* TASK DIRECTIONS
Without omitting anything, copy every entry word for word.
+--
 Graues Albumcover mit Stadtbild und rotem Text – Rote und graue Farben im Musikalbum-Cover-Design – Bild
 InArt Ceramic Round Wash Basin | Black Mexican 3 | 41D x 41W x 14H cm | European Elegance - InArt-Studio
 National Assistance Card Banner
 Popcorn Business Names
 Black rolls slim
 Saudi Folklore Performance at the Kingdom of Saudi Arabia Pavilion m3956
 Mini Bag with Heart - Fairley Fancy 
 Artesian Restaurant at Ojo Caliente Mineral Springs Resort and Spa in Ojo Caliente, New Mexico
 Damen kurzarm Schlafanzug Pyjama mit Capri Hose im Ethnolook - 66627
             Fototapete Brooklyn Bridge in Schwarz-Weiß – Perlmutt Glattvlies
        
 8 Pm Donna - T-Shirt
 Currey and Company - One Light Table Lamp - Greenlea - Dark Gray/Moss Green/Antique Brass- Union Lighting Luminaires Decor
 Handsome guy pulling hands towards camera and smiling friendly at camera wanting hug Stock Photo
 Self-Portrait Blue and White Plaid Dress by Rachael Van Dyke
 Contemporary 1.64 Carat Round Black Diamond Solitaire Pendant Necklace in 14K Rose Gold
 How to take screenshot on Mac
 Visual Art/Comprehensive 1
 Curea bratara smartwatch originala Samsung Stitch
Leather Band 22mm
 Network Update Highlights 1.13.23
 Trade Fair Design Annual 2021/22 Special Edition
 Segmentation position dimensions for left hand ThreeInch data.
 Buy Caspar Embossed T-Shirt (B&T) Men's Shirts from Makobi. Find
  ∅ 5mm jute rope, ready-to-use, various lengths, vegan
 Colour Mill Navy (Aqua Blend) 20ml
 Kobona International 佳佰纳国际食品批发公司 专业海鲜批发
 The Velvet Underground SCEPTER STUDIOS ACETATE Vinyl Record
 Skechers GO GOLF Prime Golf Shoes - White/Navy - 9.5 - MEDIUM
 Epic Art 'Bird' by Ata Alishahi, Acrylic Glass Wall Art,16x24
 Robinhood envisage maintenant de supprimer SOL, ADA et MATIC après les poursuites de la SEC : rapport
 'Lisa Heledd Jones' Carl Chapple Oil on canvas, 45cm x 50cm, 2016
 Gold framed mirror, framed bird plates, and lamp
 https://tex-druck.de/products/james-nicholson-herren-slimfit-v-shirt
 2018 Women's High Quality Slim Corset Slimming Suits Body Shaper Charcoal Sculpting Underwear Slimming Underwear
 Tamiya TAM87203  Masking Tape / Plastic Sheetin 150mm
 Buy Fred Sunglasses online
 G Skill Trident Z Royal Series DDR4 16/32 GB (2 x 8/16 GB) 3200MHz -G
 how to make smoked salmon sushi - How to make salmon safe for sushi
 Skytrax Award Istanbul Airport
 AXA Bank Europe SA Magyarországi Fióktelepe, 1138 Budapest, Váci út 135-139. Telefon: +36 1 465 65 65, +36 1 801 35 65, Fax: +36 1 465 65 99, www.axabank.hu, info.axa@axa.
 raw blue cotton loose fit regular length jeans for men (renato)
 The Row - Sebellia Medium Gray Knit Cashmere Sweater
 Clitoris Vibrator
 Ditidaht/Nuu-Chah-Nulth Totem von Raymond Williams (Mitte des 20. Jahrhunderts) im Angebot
+--
* ANSWER SECTION
 Graues Albumcover mit Stadtbild und rotem Text – Rote und graue Farben im Musikalbum-Cover-Design – Bild
 InArt Ceramic Round Wash Basin | Black Mexican 3 | 41D x 41W x 14H cm | European Elegance - InArt-Studio
 National Assistance Card Banner
 Popcorn Business Names
 Black rolls slim
 Saudi Folklore Performance at the Kingdom of Saudi Arabia Pavilion m3956
 Mini Bag with Heart - Fairley Fancy 
 Artesian Restaurant at Ojo Caliente Mineral Springs Resort and Spa in Ojo Caliente, New Mexico
 Damen kurzarm Schlafanzug Pyjama mit Capri Hose im Ethnolook - 66627
             Fototapete Brooklyn Bridge in Schwarz-Weiß – Perlmutt Glattvlies
        
 8 Pm Donna - T-Shirt
 Currey and Company - One Light Table Lamp - Greenlea - Dark Gray/Moss Green/Antique Brass- Union Lighting Luminaires Decor
 Handsome guy pulling hands towards camera and smiling friendly at camera wanting hug Stock Photo
 Self-Portrait Blue and White Plaid Dress by Rachael Van Dyke
 Contemporary 1.64 Carat Round Black Diamond Solitaire Pendant Necklace in 14K Rose Gold
 How to take screenshot on Mac
 Visual Art/Comprehensive 1
 Curea bratara smartwatch originala Samsung Stitch
Leather Band 22mm
 Network Update Highlights 1.13.23
 Trade Fair Design Annual 2021/22 Special Edition
 Segmentation position dimensions for left hand ThreeInch data.
 Buy Caspar Embossed T-Shirt (B&T) Men's Shirts from Makobi. Find
  ∅ 5mm jute rope, ready-to-use, various lengths, vegan
 Colour Mill Navy (Aqua Blend) 20ml
 Kobona International 佳佰纳国际食品批发公司 专业海鲜批发
 The Velvet Underground SCEPTER STUDIOS ACETATE Vinyl Record
 Skechers GO GOLF Prime Golf Shoes - White/Navy - 9.5 - MEDIUM
 Epic Art 'Bird' by Ata Alishahi, Acrylic Glass Wall Art,16x24
 Robinhood envisage maintenant de supprimer SOL, ADA et MATIC après les poursuites de la SEC : rapport
 'Lisa Heledd Jones' Carl Chapple Oil on canvas, 45cm x 50cm, 2016
 Gold framed mirror, framed bird plates, and lamp
 https://tex-druck.de/products/james-nicholson-herren-slimfit-v-shirt
 2018 Women's High Quality Slim Corset Slimming Suits Body Shaper Charcoal Sculpting Underwear Slimming Underwear
 Tamiya TAM87203  Masking Tape / Plastic Sheetin 150mm
 Buy Fred Sunglasses online
 G Skill Trident Z Royal Series DDR4 16/32 GB (2 x 8/16 GB) 3200MHz -G
 how to make smoked salmon sushi - How to make salmon safe for sushi
 Skytrax Award Istanbul Airport
 AXA Bank Europe SA Magyarországi Fióktelepe, 1138 Budapest, Váci út 135-139. Telefon: +36 1 465 65 65, +36 1 801 35 65, Fax: +36 1 465 65 99, www.axabank.hu, info.axa@axa.
 raw blue cotton loose fit regular length jeans for men (renato)
 The Row - Sebellia Medium Gray Knit Cashmere Sweater
 Clitoris Vibrator
 Ditidaht/Nuu-Chah-Nulth Totem von Raymond Williams (Mitte des 20. Jahrhunderts) im Angebot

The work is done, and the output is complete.